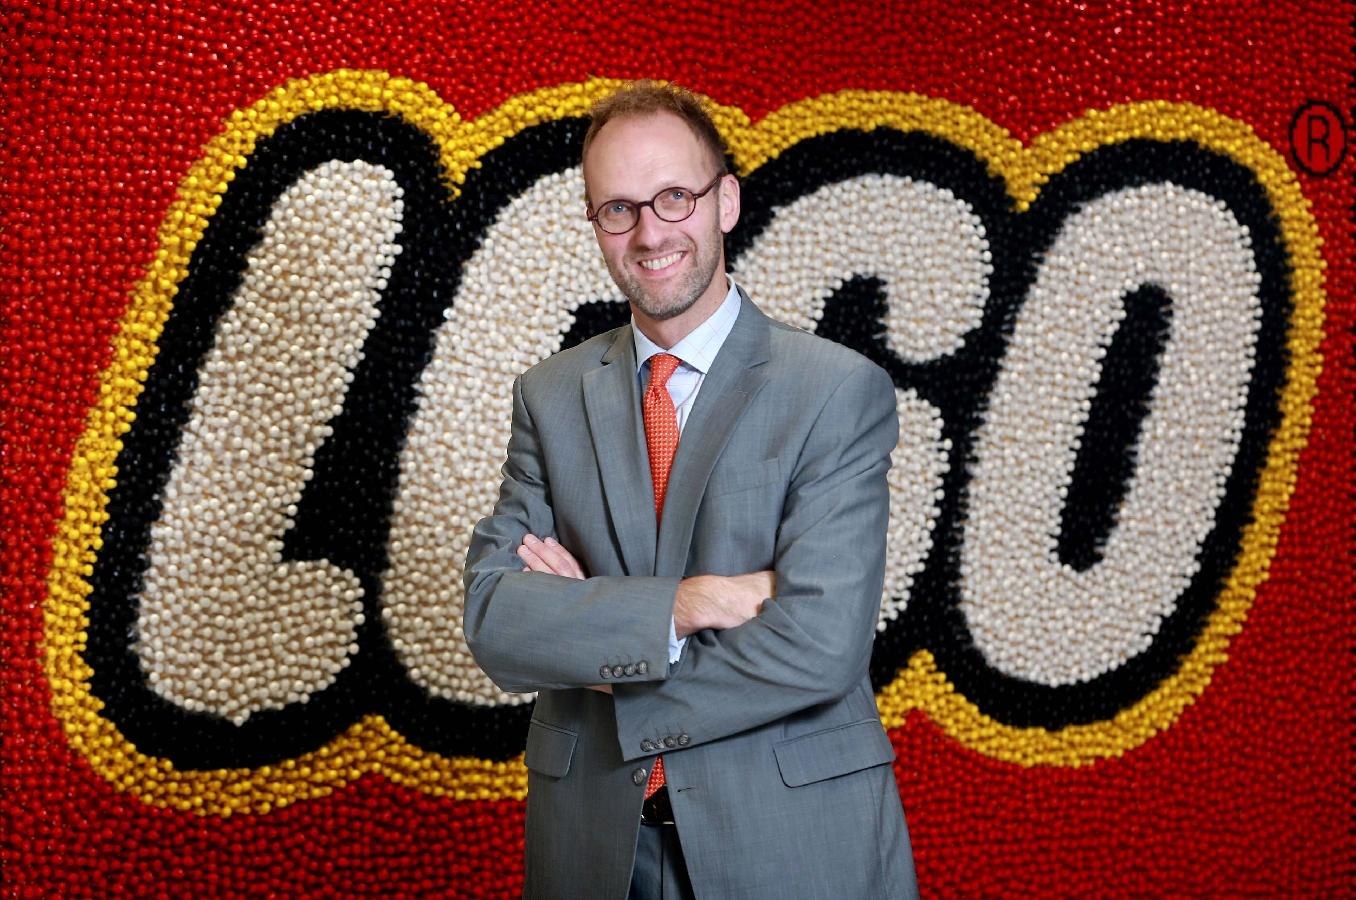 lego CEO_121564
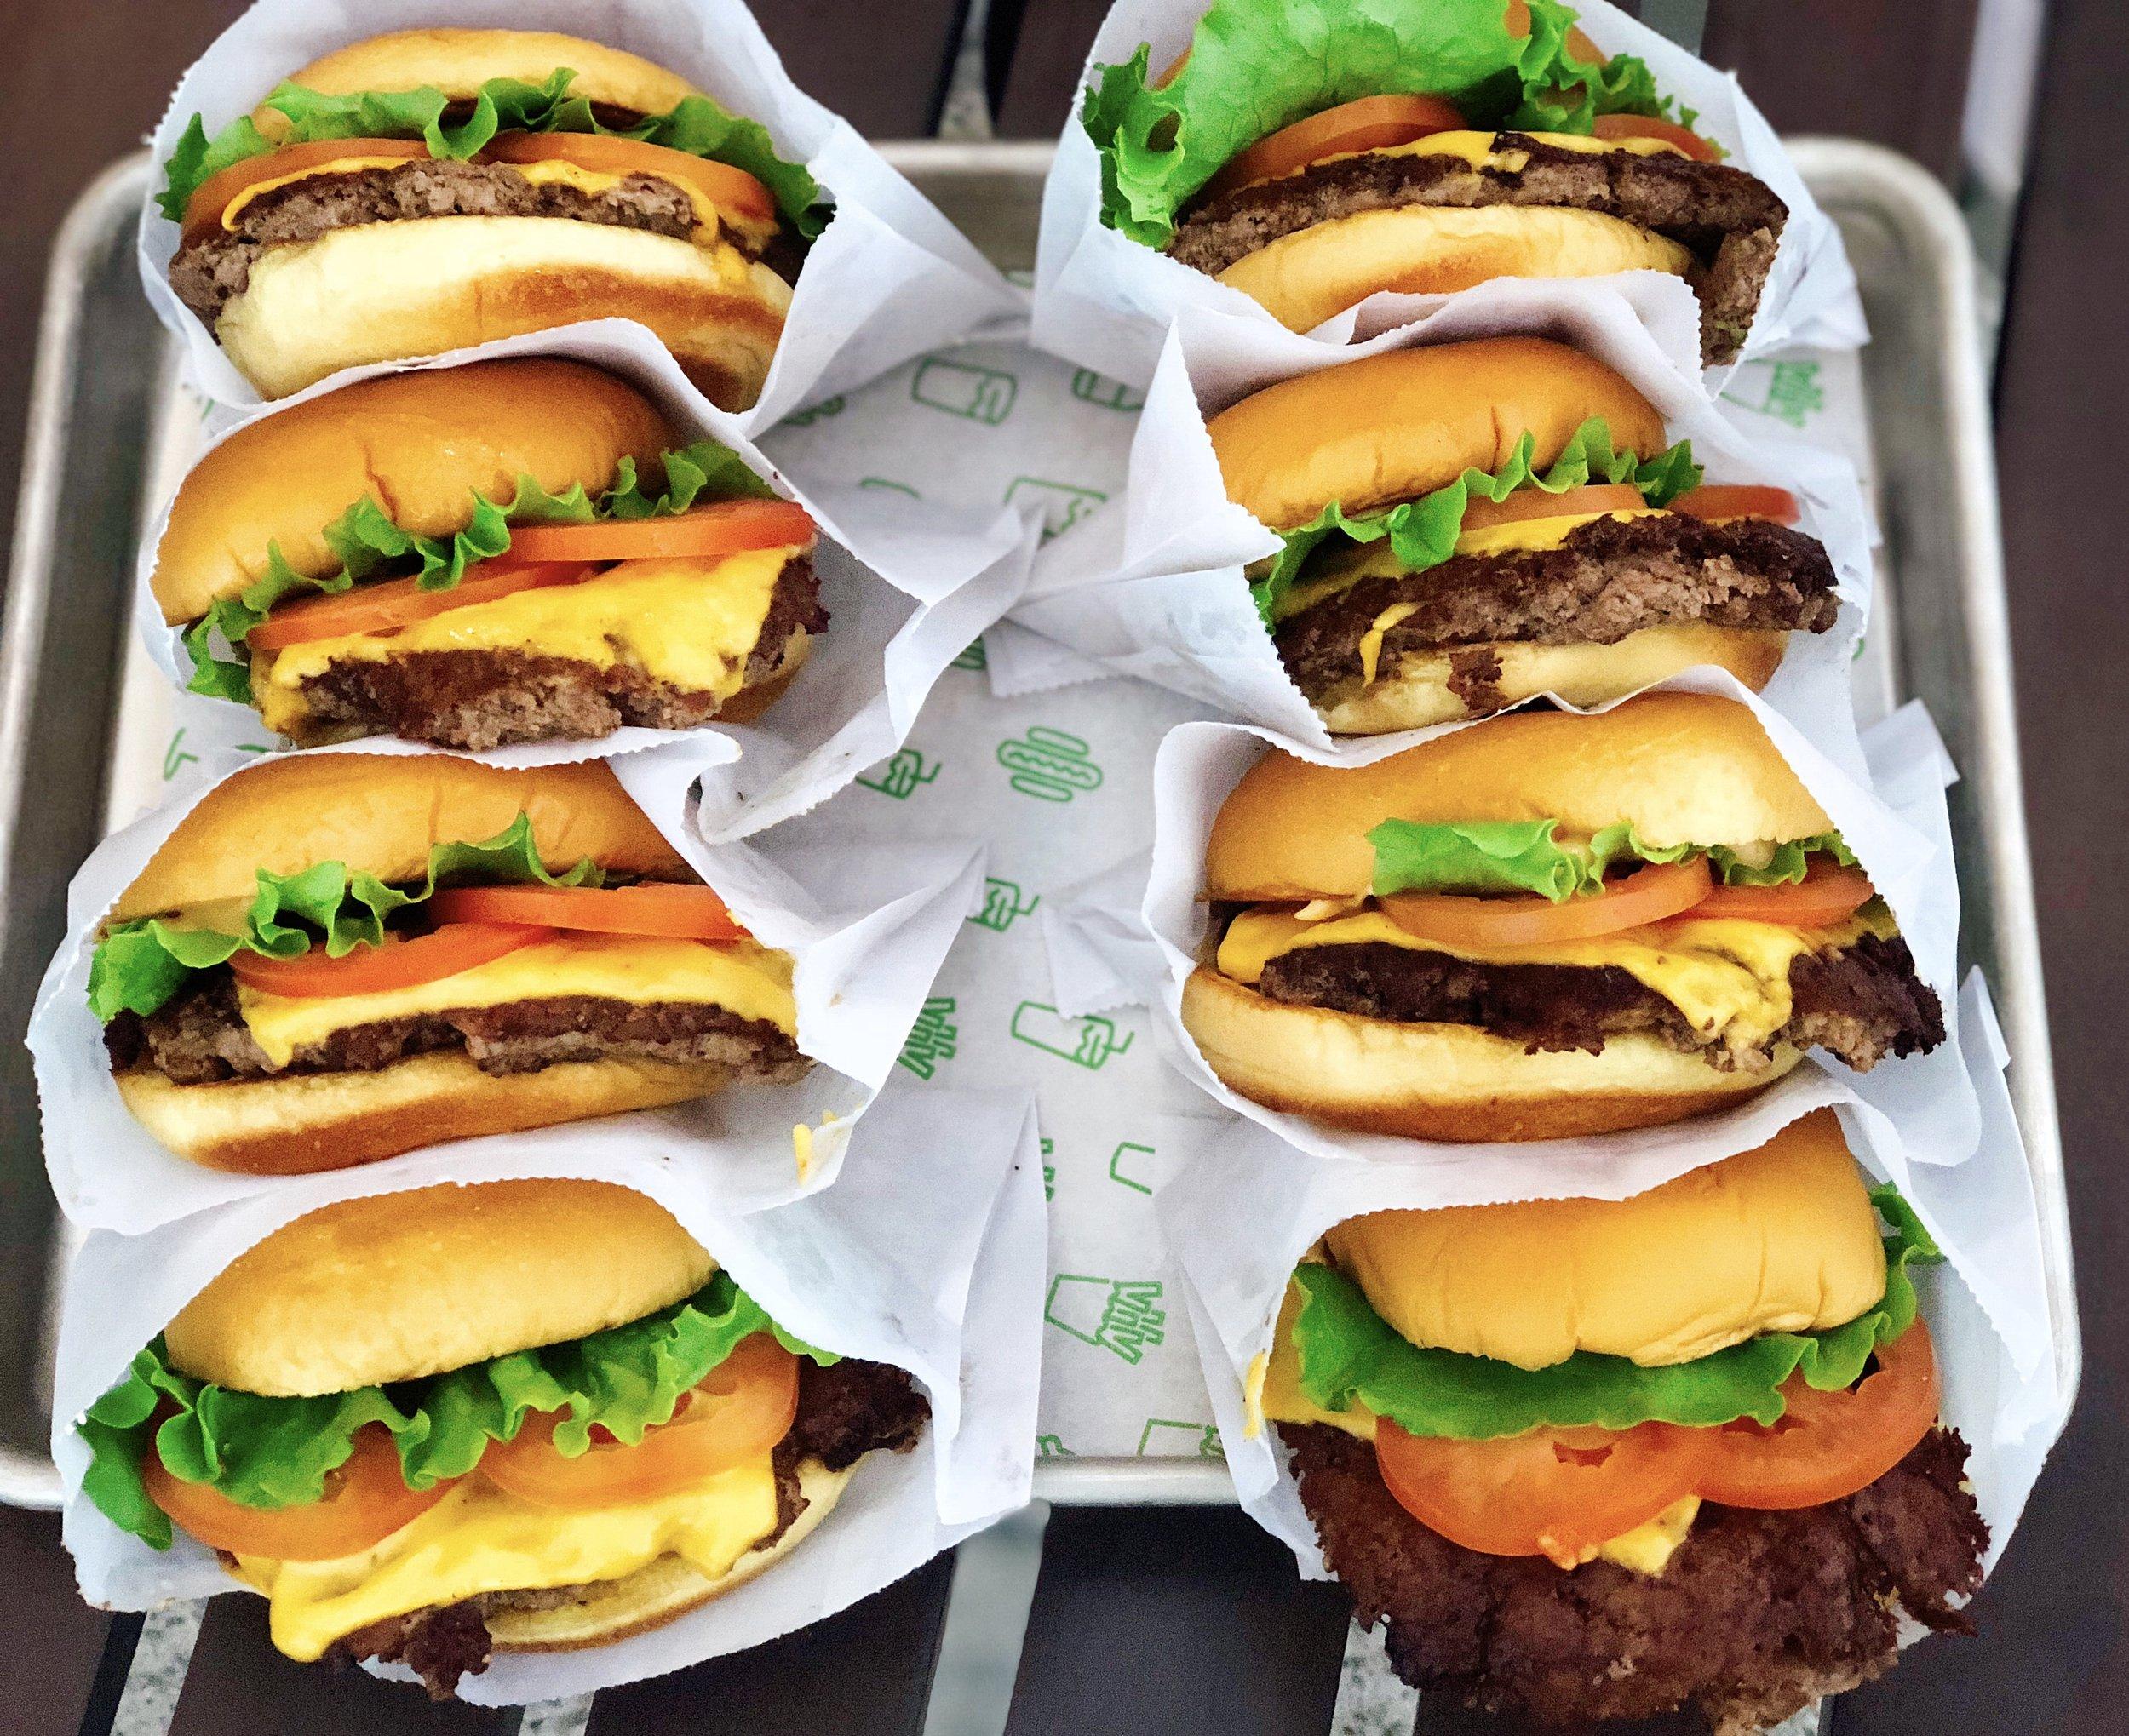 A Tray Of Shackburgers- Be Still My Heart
▬▬▬▬▬▬▬▬▬▬
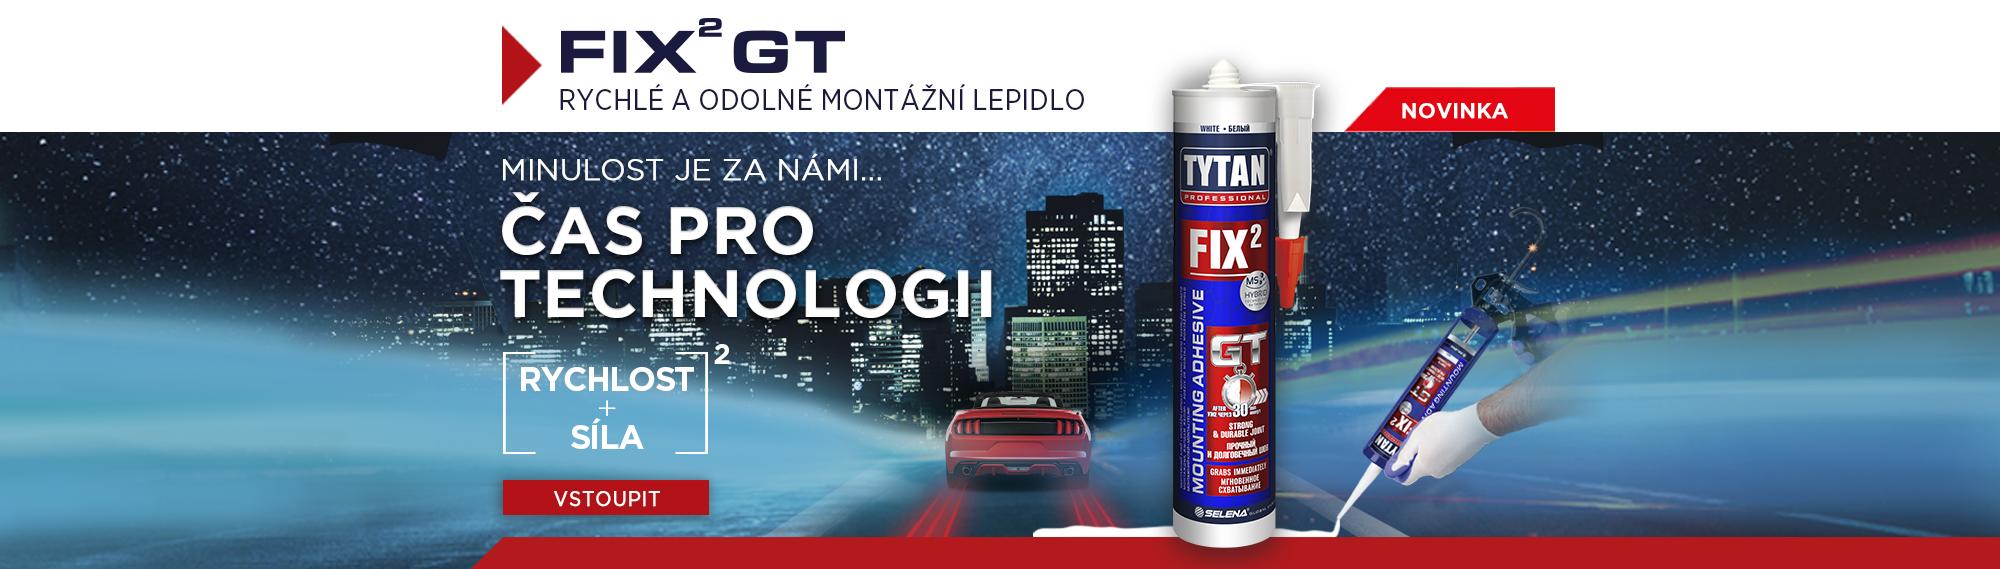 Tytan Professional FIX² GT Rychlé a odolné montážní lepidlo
▬▬▬▬▬▬▬▬▬▬
ASSIGNED TASK
Between and including the line above that contains "lego CEO_121564" and the line that contains "A Tray Of Shackburgers- Be Still My Heart", restate every line word for word. Pictures stay out.

ANSWER FOR THIS EXERCISE
 lego CEO_121564
 A Tray Of Shackburgers- Be Still My Heart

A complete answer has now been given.